Africa holds approximately 30% of the world’s known mineral reserves, more than 60% of the world’s uncultivated arable land, and a population projected to exceed 2.5 billion by mid-century. The continent possesses some of the largest global reserves of cobalt, manganese, copper, platinum, bauxite, graphite, and lithium, minerals that are indispensable to artificial intelligence, data centers, electric vehicles, renewable energy systems, and the broader technological revolution.

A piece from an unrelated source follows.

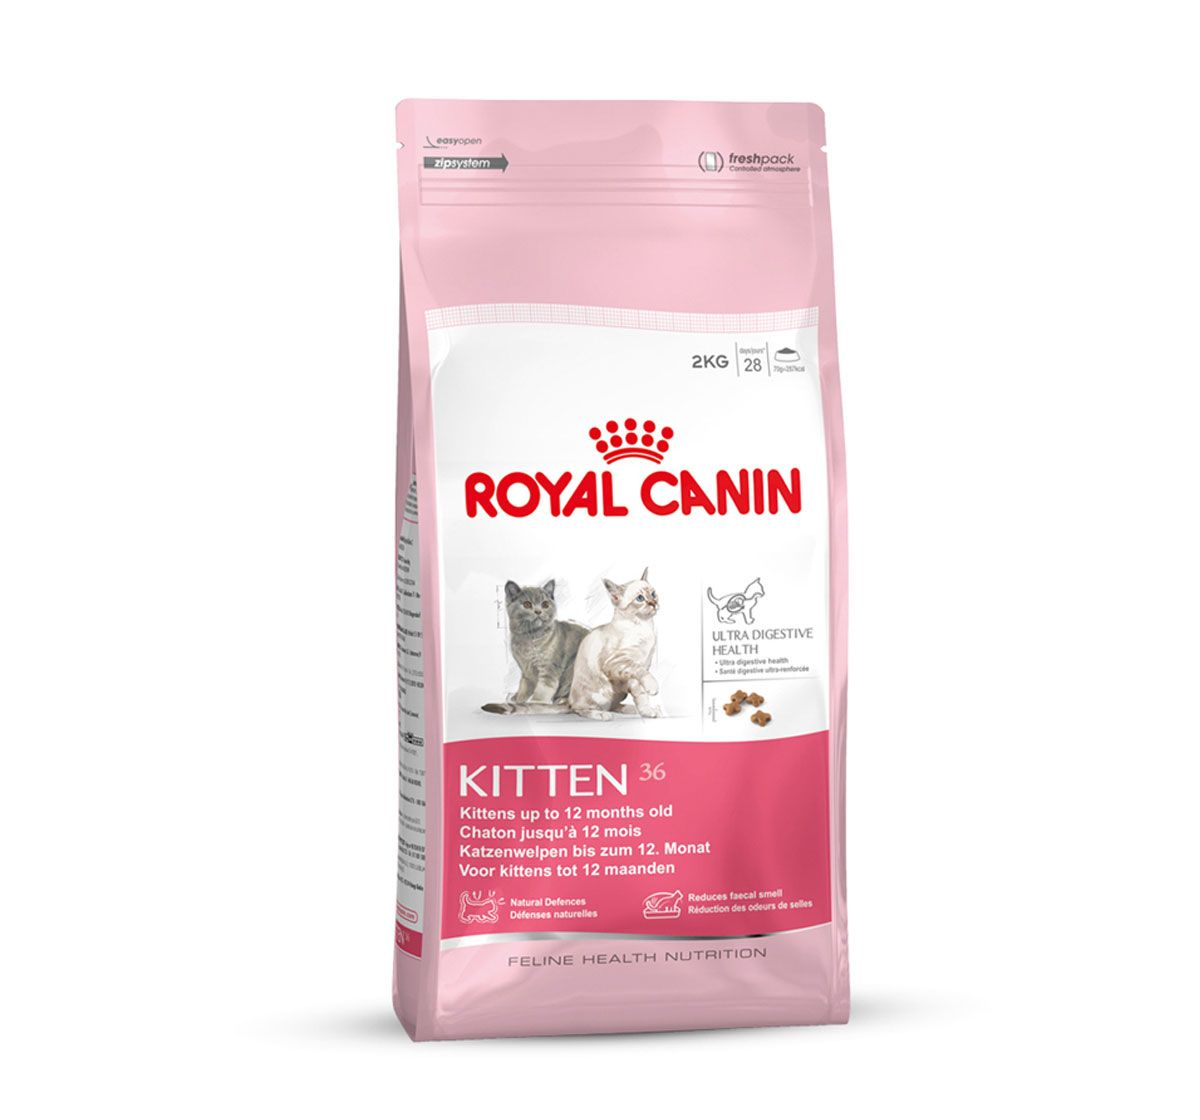 Royal Canin Kitten 400 Gms Royal Canin Dog Food Cat Food Royal Canin

Yet despite this extraordinary resource endowment, Africa continues to occupy a peripheral position in the global economy, it exports raw materials and imports finished products, it exports strategic resources and imports technology, it exports potential wealth and imports value-added goods.

The problem is not new, what has changed is the form it takes.

During the colonial era, control was exercised through territorial occupation, political administration, and military power. Today, influence is often exerted through more sophisticated mechanisms, resource extraction agreements, global value chains, financial leverage, intellectual property regimes, technological dependence, and economic influence. Empires have disappeared, strategic interests have not.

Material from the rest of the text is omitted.